One limitation of Euclidean distance is that it requires all the vectors to be normalized i.e both the vectors need to be of the same dimensions. To ensure that our histogram vector is normalized we are going to use a for loop from 0-255 and generate our histogram with the value of the key if the key is present in the image else we append a 0.

In [17]:
# defining Histogram
H1 = []
for i in range(256):
  if i in RH1.keys():
    H1.append(RH1[i])
  else:
    H1.append(0)

# generates a vector of size (256, ) where each index corresponds to the pixel value and the value corresponds to the count of the pixel in that image.

In [18]:
# defining Histogram
H2 = []
for i in range(256):
  if i in RH2.keys():
    H2.append(RH2[i])
  else:
    H2.append(0)

# generates a vector of size (256, ) where each index corresponds to the pixel value and the value corresponds to the count of the pixel in that image.

### **Euclidean Distance Function**

In [19]:
# Function takes in two histograms and returns the euclidean distance between them.

def L2Norm(H1, H2):
  distance = 0
  for i in range(len(H1)):
    distance += np.square(H1[i]-H2[i])
  return np.sqrt(distance)

### **Defining our Test Image**
Our test image is going to be that of a cat from the query_images. We will find the distance between reference image 1 and test image and the same for reference image 2. The smallest distance means the greater the similarity between the two pictures

In [20]:
test_image = Image.open('/content/cifar10-pngs-in-folders/cifar10/cifar10/query_images/horse/0048.png')
test_array = np.asarray(test_image)
flatten_array_test = test_array.flatten()

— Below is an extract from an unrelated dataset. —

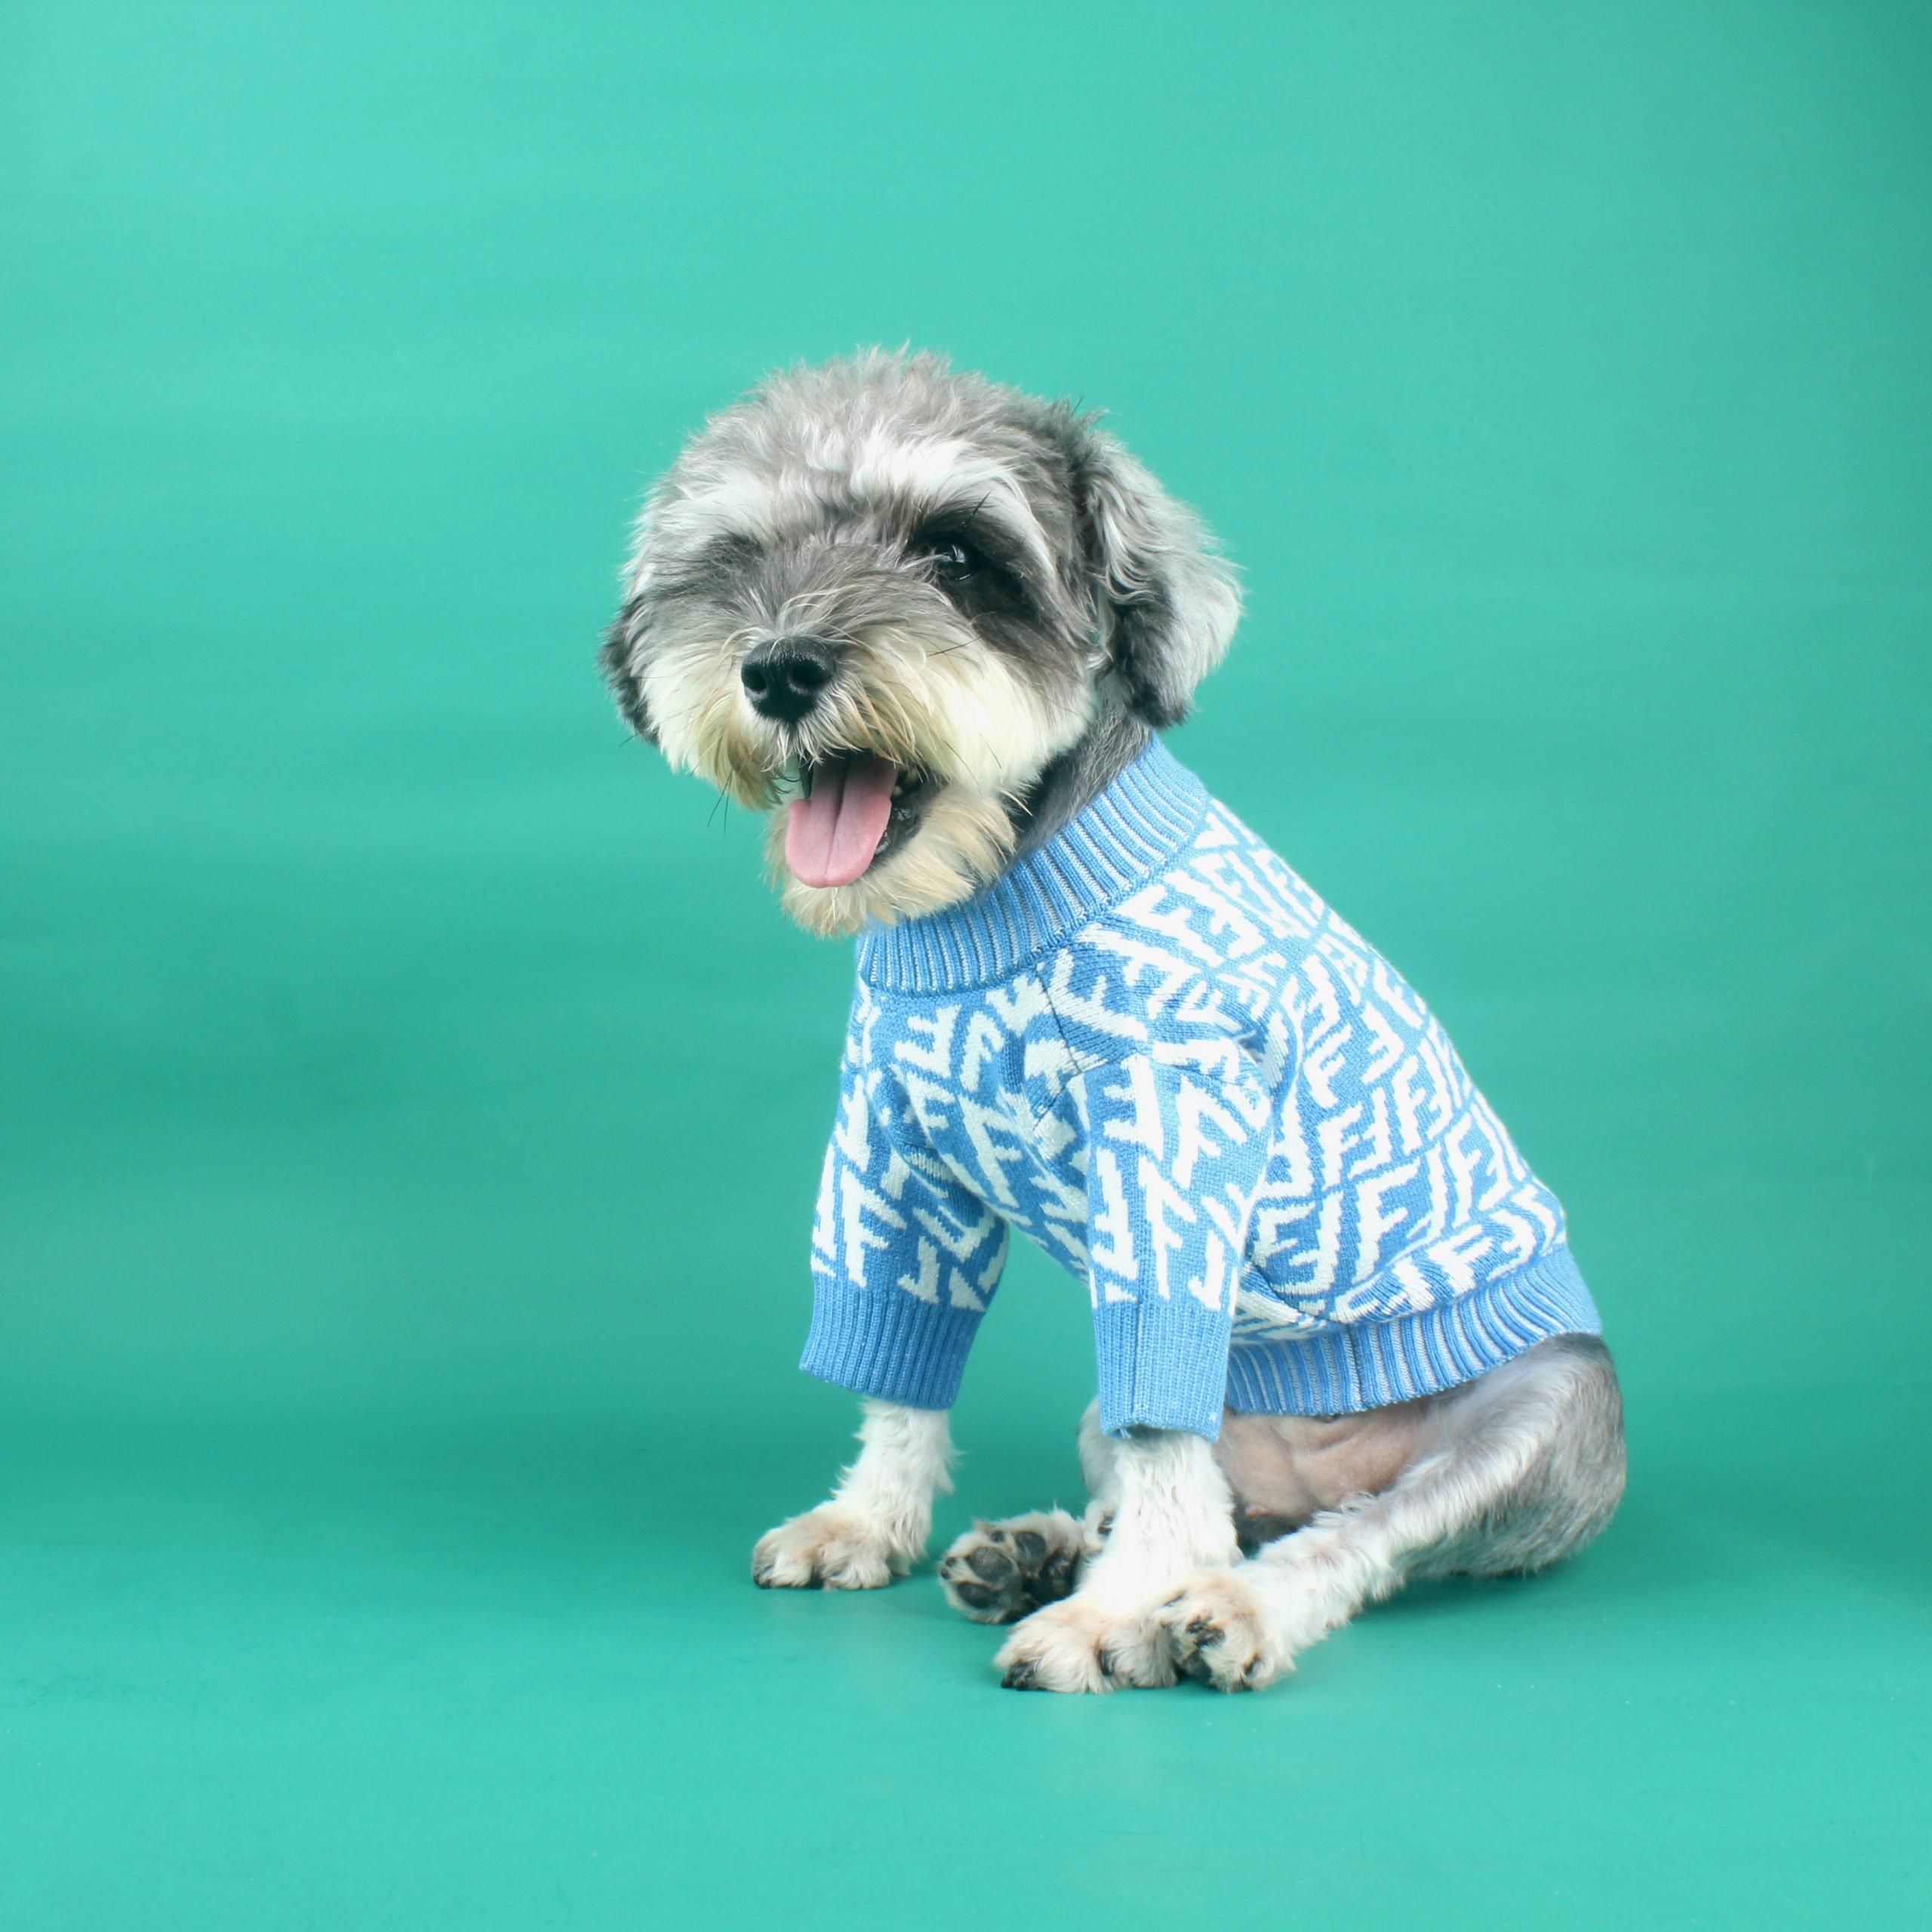 Fur Baby Hypnotized Dog Sweater

# Generating count histogram counter
TH1 = Counter(flatten_array_test)

# Defining histogram
HT = []
for i in range(256):
  if i in RH1.keys():
    HT.append(TH1[i])
  else:
    HT.append(0)

In [21]:
dist_test_ref_1 = L2Norm(H1, HT)
print("The distance between Reference Image 1 (Deer) and Test Image (Horse) is {}".format(dist_test_ref_1))

The distance between Reference Image 1 (Deer) and Test Image (Horse) is 193.9690696992693


In [22]:
dist_test_ref_2 = L2Norm(H2, HT)
print("The distance between Reference Image 2 (Horse) and Test Image (Horse) is {}".format(dist_test_ref_2))

The distance between Reference Image 2 (Horse) and Test Image (Horse) is 178.48249213858483


## **Implementing the Image Retrieval System**

https://towardsdatascience.com/build-an-image-search-engine-using-python-ad181e76441b

**Finding Top 'N' similar images**

In [24]:
from PIL import Image
from collections import Counter, defaultdict
import numpy as np
import os

def calculate_euclidean_distance(query_array, database_folder):
    query_histogram = Counter(query_array)
    similar_images = []

    for category in os.listdir(database_folder):
        category_folder = os.path.join(database_folder, category)
        for image_name in os.listdir(category_folder):
            image_path = os.path.join(category_folder, image_name)
            database_image = Image.open(image_path)
            database_array = np.asarray(database_image).flatten()
            database_histogram = Counter(database_array)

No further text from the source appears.